The National Transportation Safety Board (NTSB) investigated the accident and concluded the following probable cause in its final report:"The National Transportation Safety Board determines that the probable cause of this accident was the total and unique loss of thrust from both engines while the aircraft was penetrating an area of severe thunderstorms. The loss of thrust was caused by the ingestion of massive amounts of water and hail which in combination with thrust lever movement induced severe stalling in and major damage to the engine compressors."

The DC-9 broke into several large pieces; the cockpit had separated mostly intact and came to rest upside-down. Both pilots had been ejected from it, still strapped into their seats, and died of massive blunt-force injuries. The cockpit windows had separated and were mostly intact except for the two that had been struck by hail. No fire damage occurred to the fuselage until behind the wings, which area had been subjected to an intense conflagration, but most of the passenger section up to the wings had been demolished by impact forces. Some passengers were killed on impact, while others were ejected from the fuselage alive but injured. A number of other passengers succumbed to inhalation of smoke and fumes, including some who were unable to escape because of their injuries. Flight attendant Catherine Cooper survived unscathed because she was sitting in an area that provided her with relative protection from impact forces. She found herself hanging upside-down while still strapped into her seat, unbuckled the seatbelt, and jumped from an opening in the fuselage when the main cabin door turned out to be jammed and inoperable. Afterwards, Cooper ran to a nearby house to find help and discovered that some of the passengers were already there.

Meanwhile, flight attendant Sandy Ward was seated in the back of the plane and reported it "bouncing up and down" several times during impact and that fire spread through the cabin. With a wall of flames blocking the way in front, she moved rearwards and tried to open the back cabin door, but it was also jammed. By now, the fire had died down and she was able to exit through the broken fuselage. Ward tried to assist passengers in escaping until an explosion forced her to run for cover.

As per standard emergency procedure, the flight attendants removed their shoes and ordered passengers to do likewise. This policy was due to the possibility of high heels causing damage to evacuation slides. This resulted in a number of people sustaining lacerations and bruises to their feet that would have been unlikely to have occurred otherwise, but since the attendants did not know the exact circumstances of the crash, they simply followed by-the-book emergency directions. The NTSB believed that the pilots should have informed the flight attendants and crew to cushion themselves with blankets, coats, and pillows, and not remove their shoes.
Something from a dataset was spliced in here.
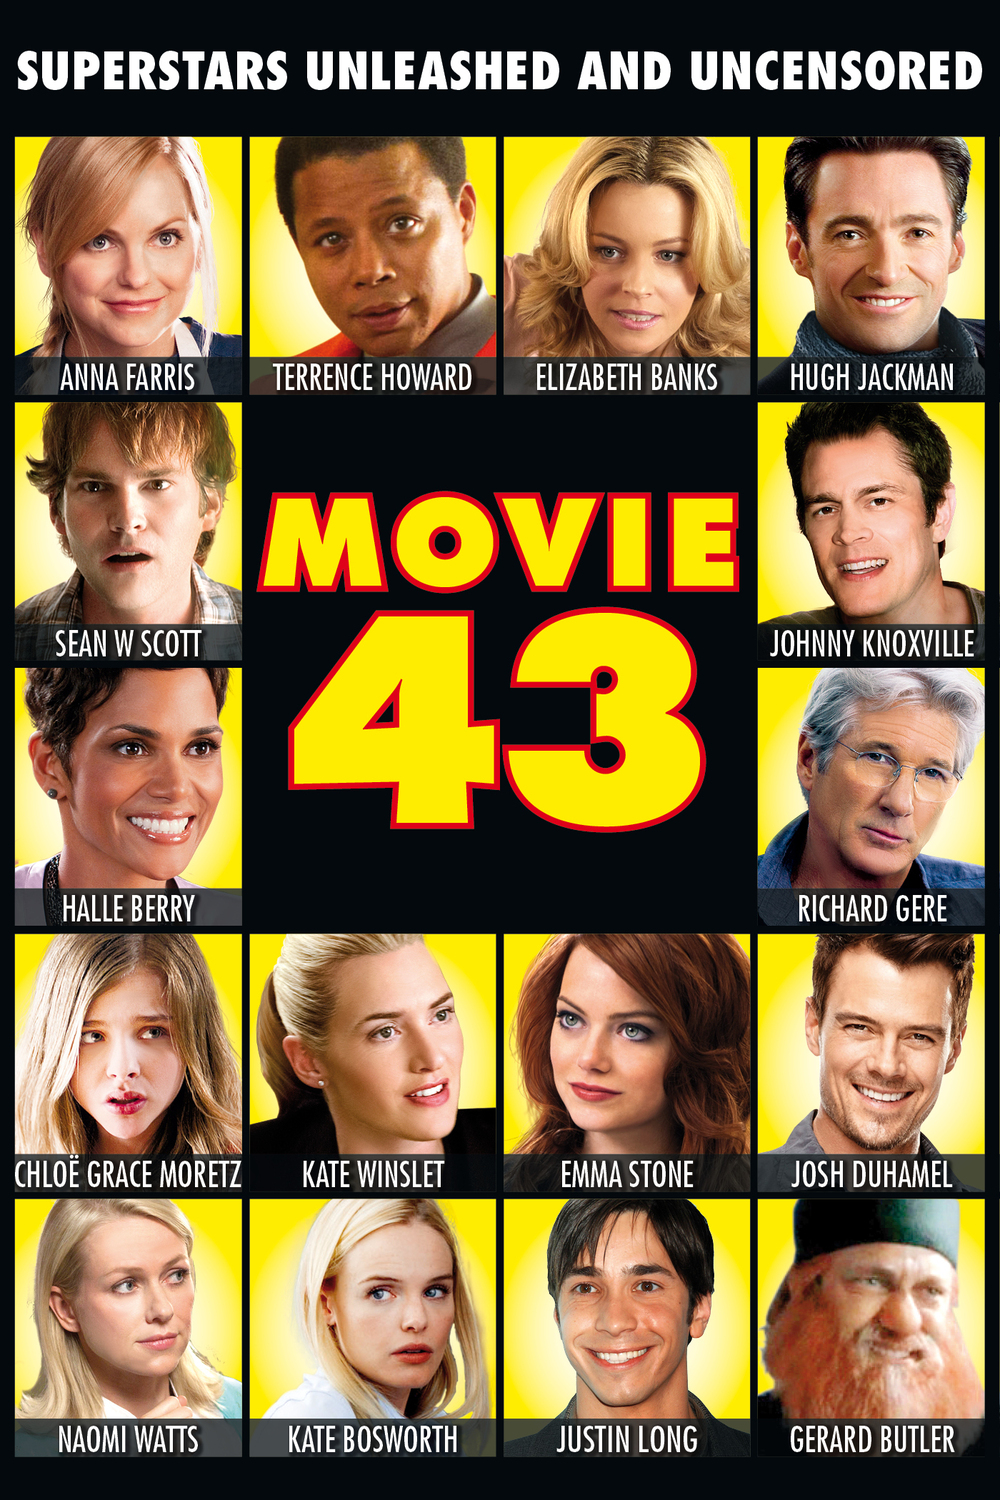 2013 Movie 43

The cockpit voice recorder (CVR) data indicated at least two interruptions to power, one lasting for 15 seconds and the other almost 2 minutes following the complete loss of engine thrust until the crew switched to backup battery power. The best chance for a (reasonably) safe landing would have been at Dobbins Air Force Base in Marietta, Georgia, but why the crew did not attempt it is unclear because of the two-minute gap in CVR data. Lacking CVR data, the NTSB concluded that it was most likely that the pilots turned away from Dobbins for a combination of poor visibility and loss of electrical power, forcing the crew to turn the plane so they could maintain visual flight conditions.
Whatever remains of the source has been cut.